Data section:
——————
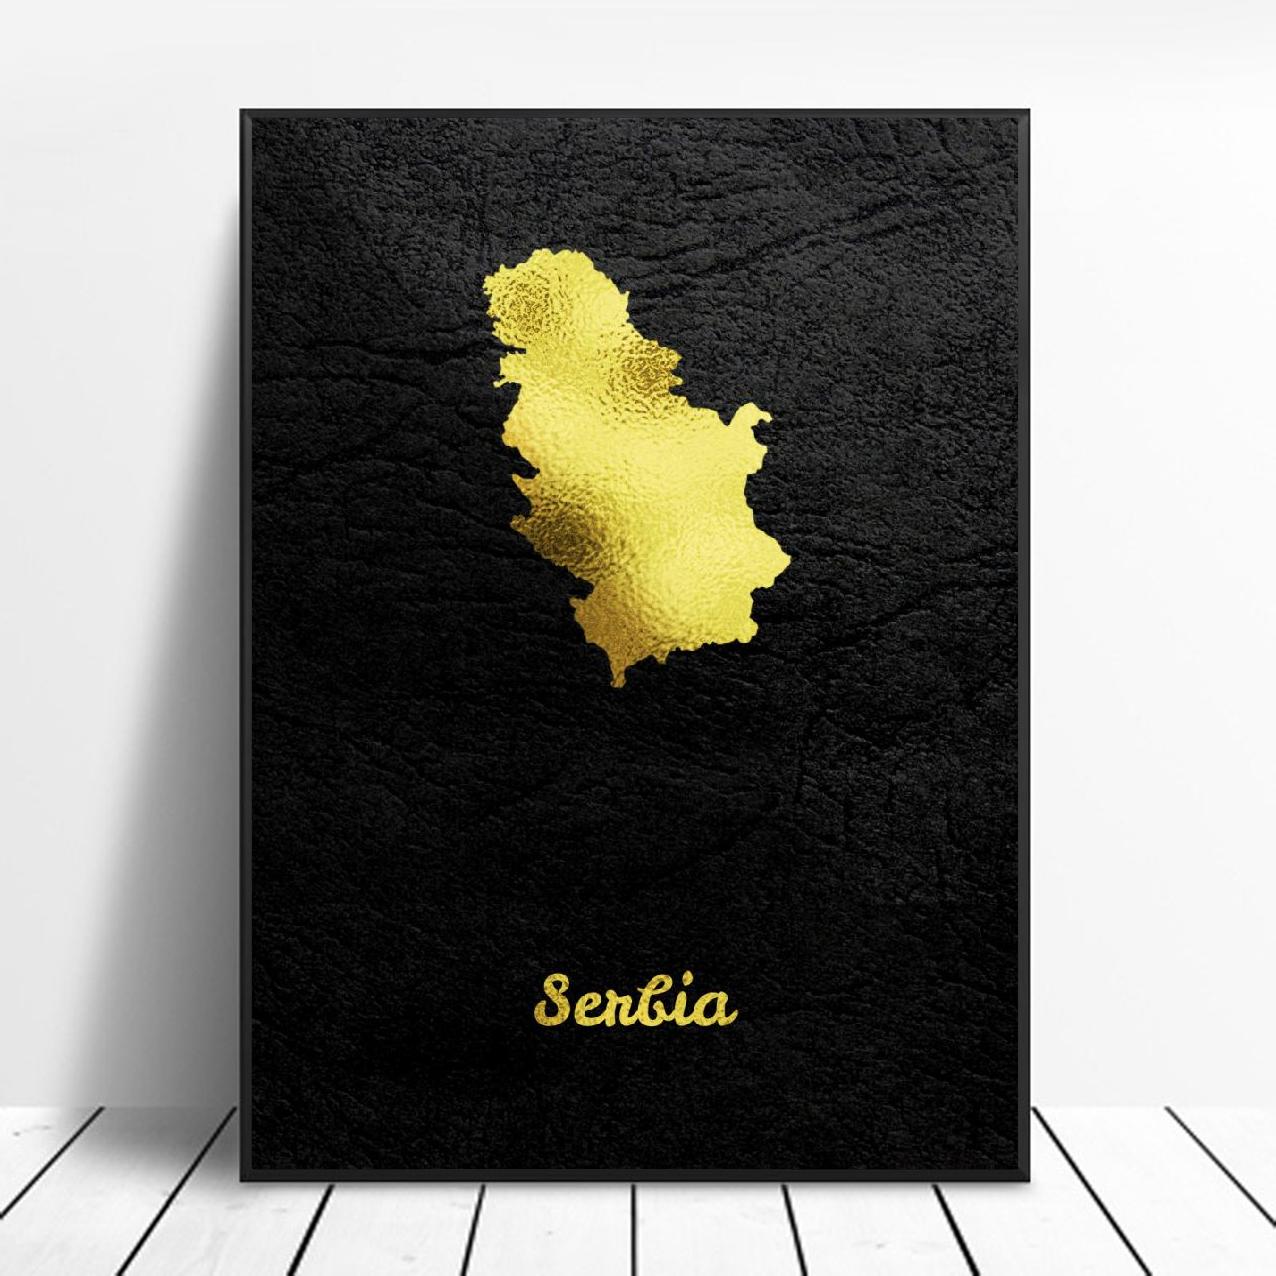 Serbia Golden Map Canvas Painting Modern Poster
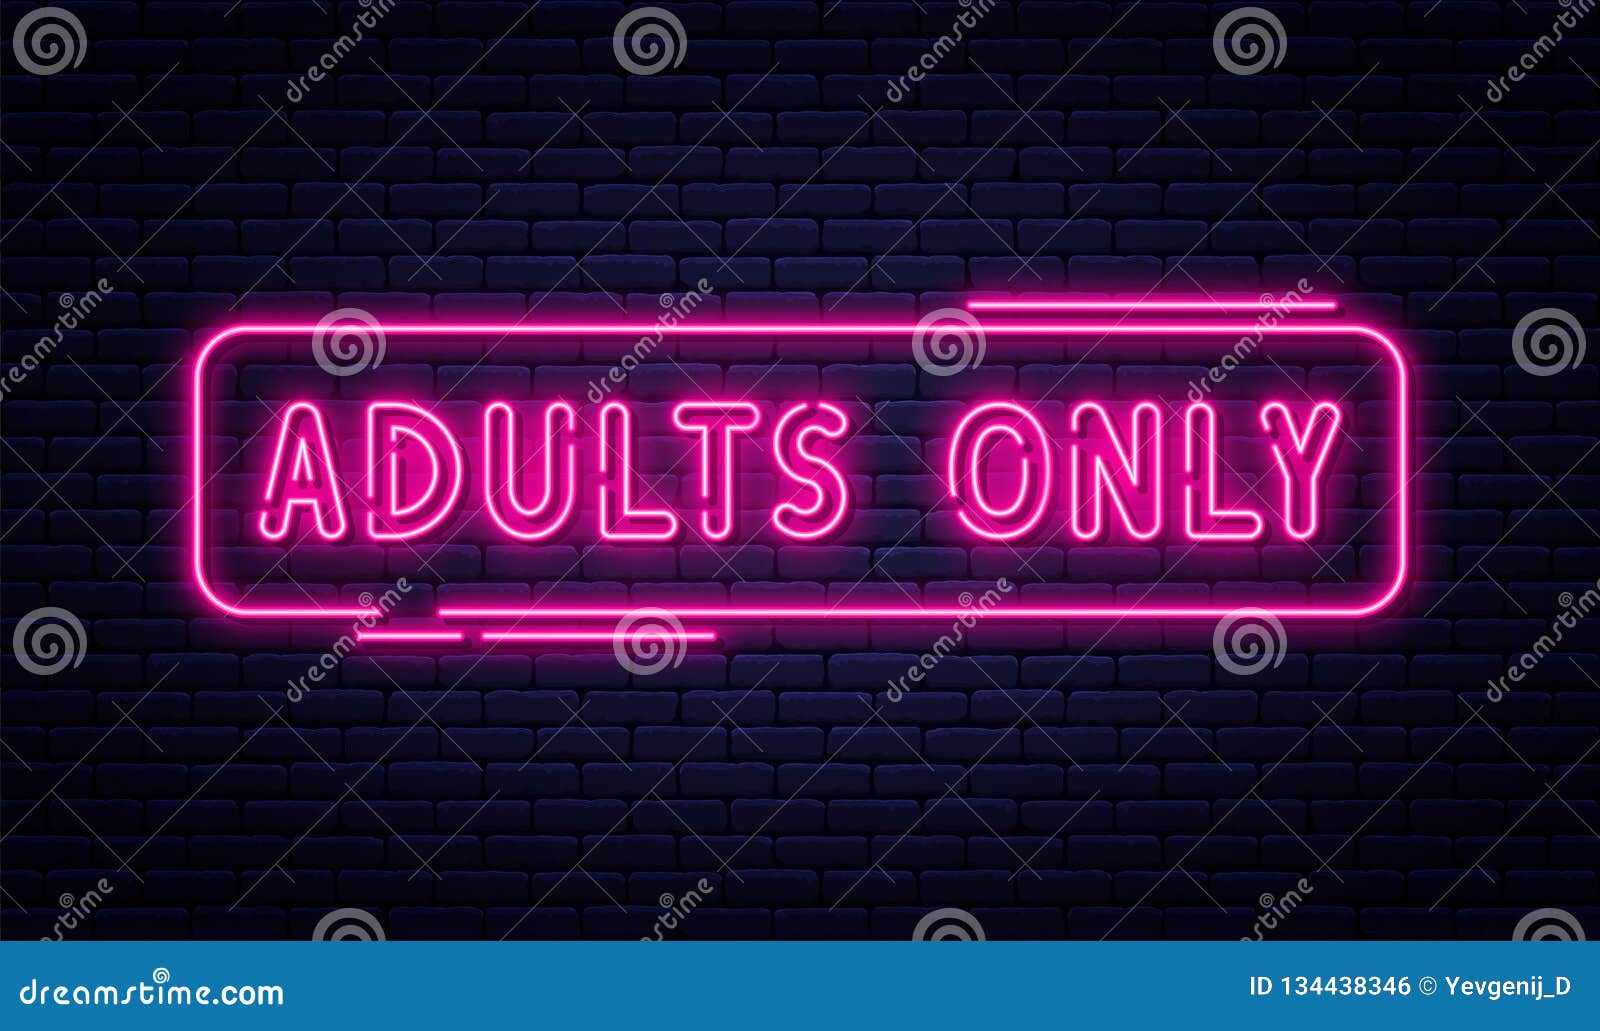 neon sign, adults only, 18 plus, sex and xxx. restricted content, erotic video concept banner, billboard or signboard
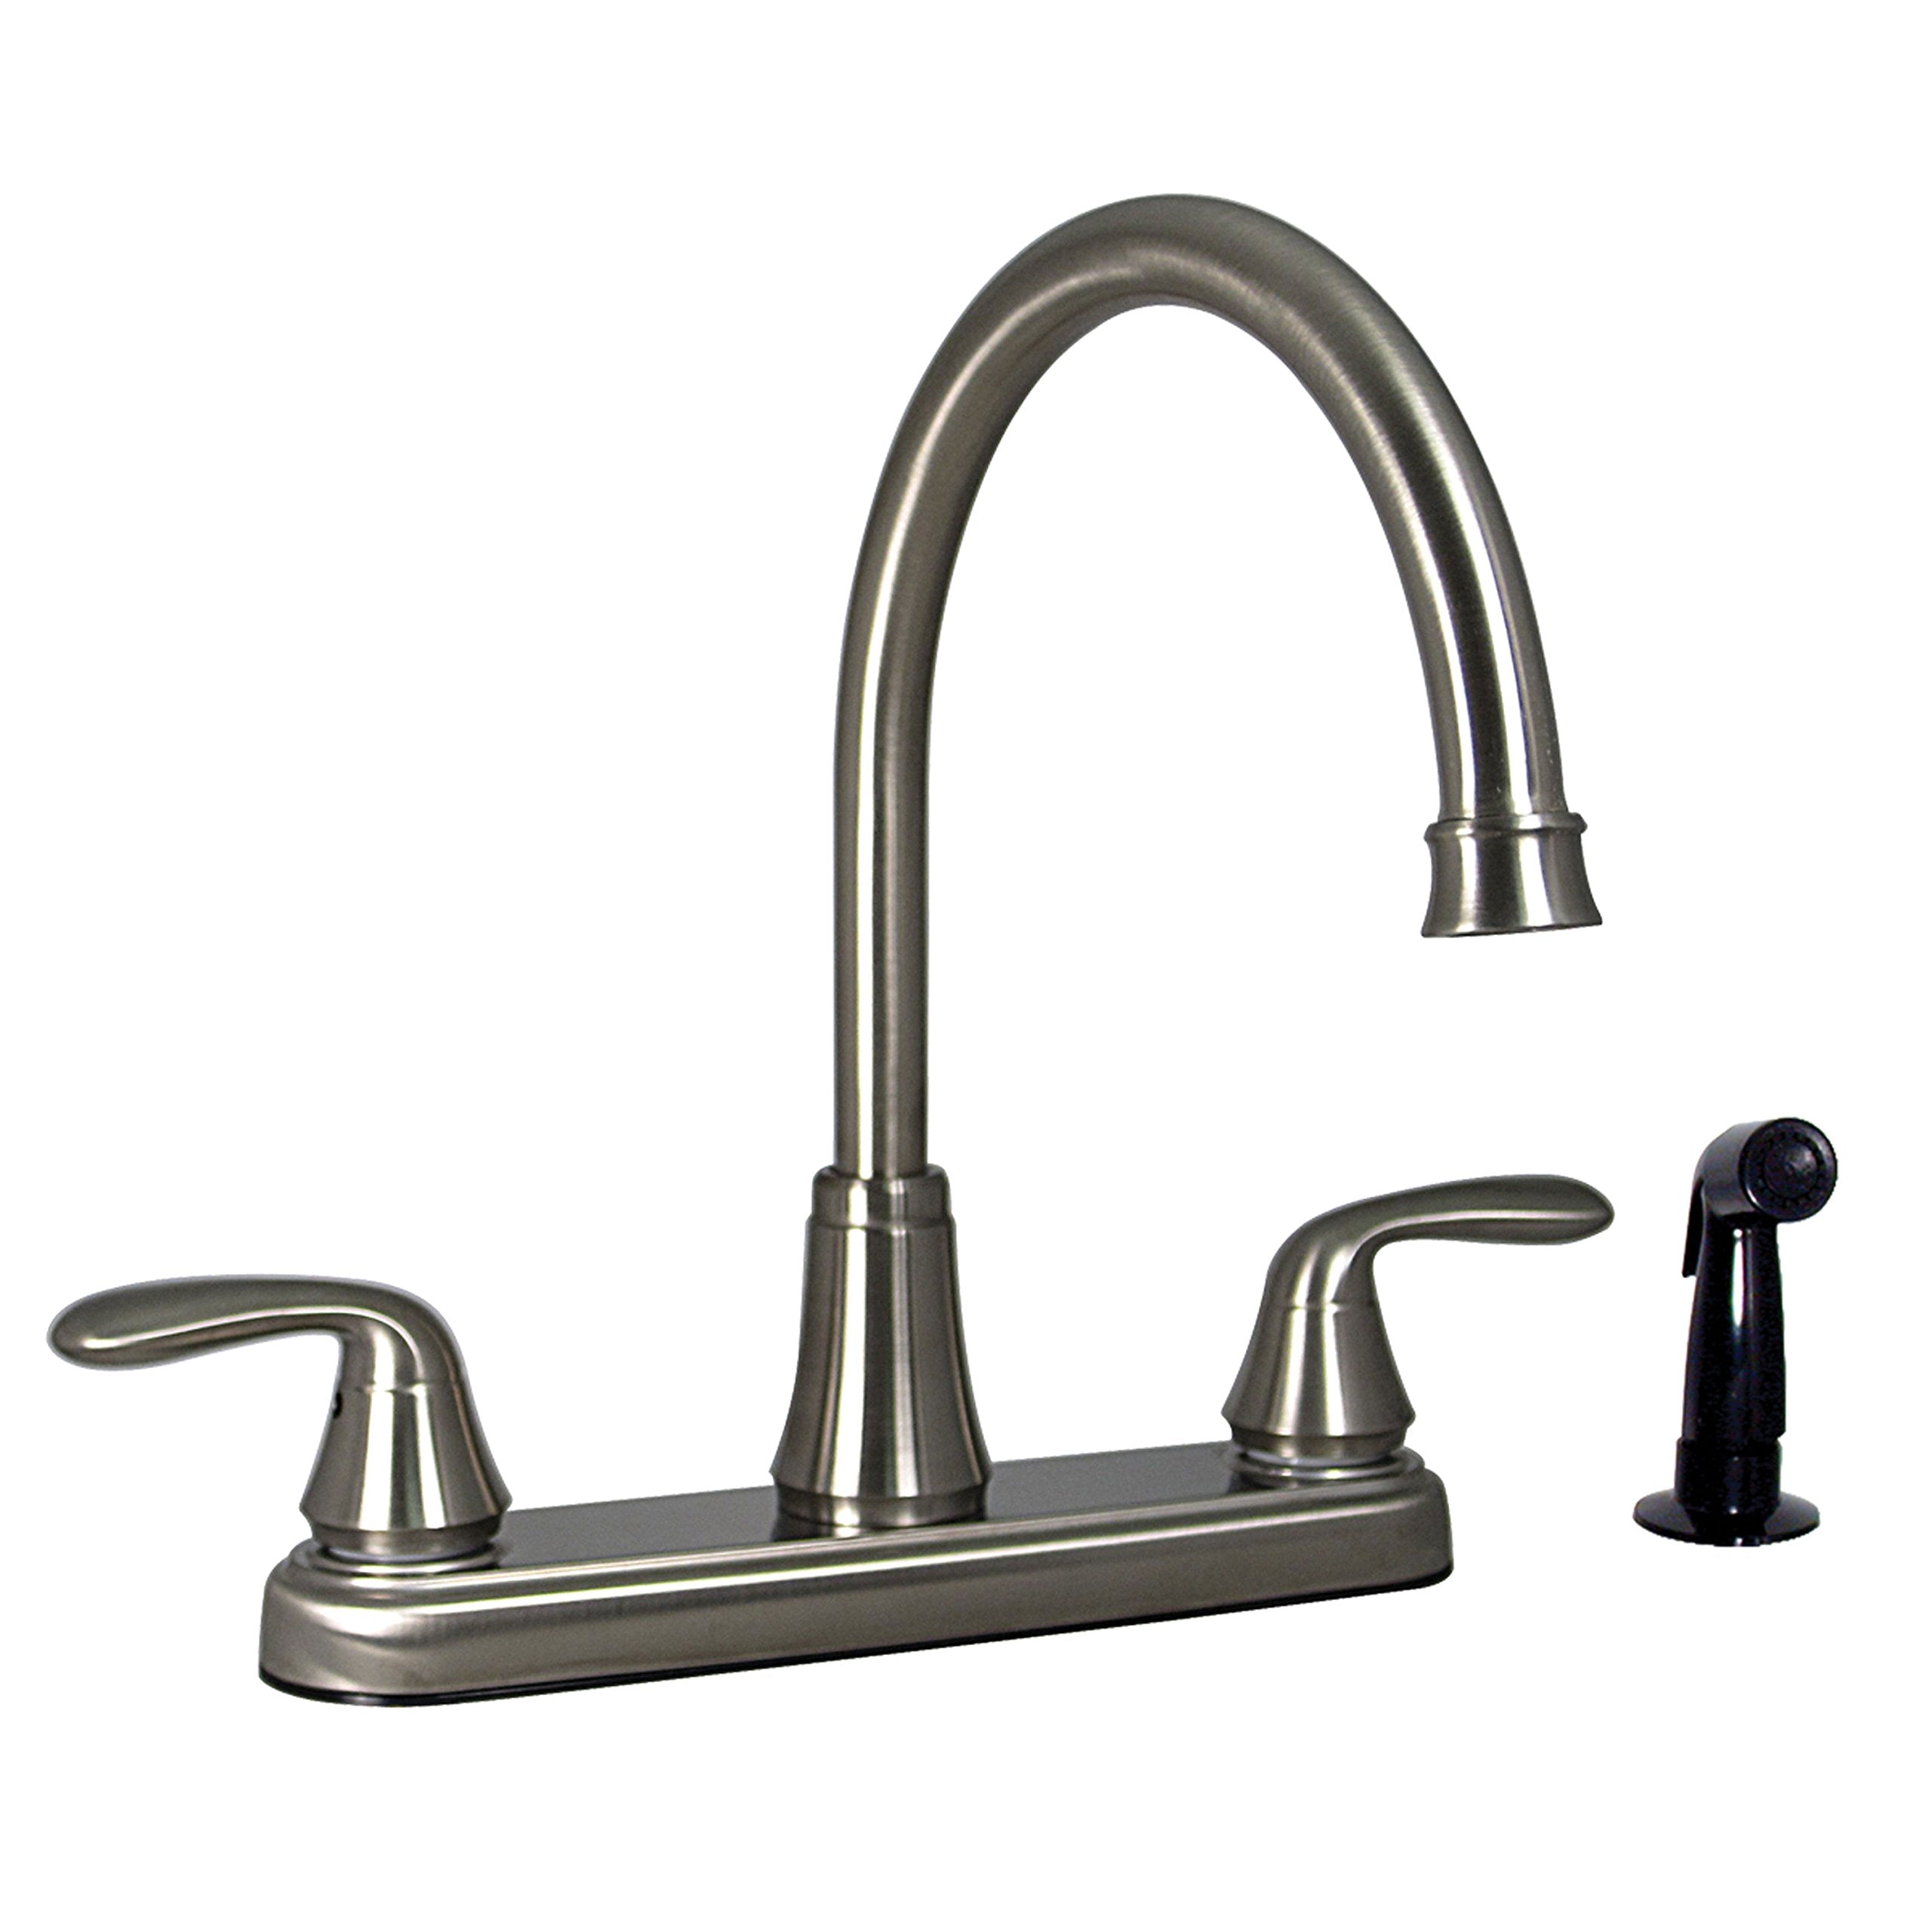 Phoenix PF231401 Two-Handle Kitchen High-Arc Faucet, Brushed Nickel with Side Sprayer
——————
Problem to work on:
Output the listing above in full, exactly. No images.

Answer to this task:
 Serbia Golden Map Canvas Painting Modern Poster
 neon sign, adults only, 18 plus, sex and xxx. restricted content, erotic video concept banner, billboard or signboard
 Phoenix PF231401 Two-Handle Kitchen High-Arc Faucet, Brushed Nickel with Side Sprayer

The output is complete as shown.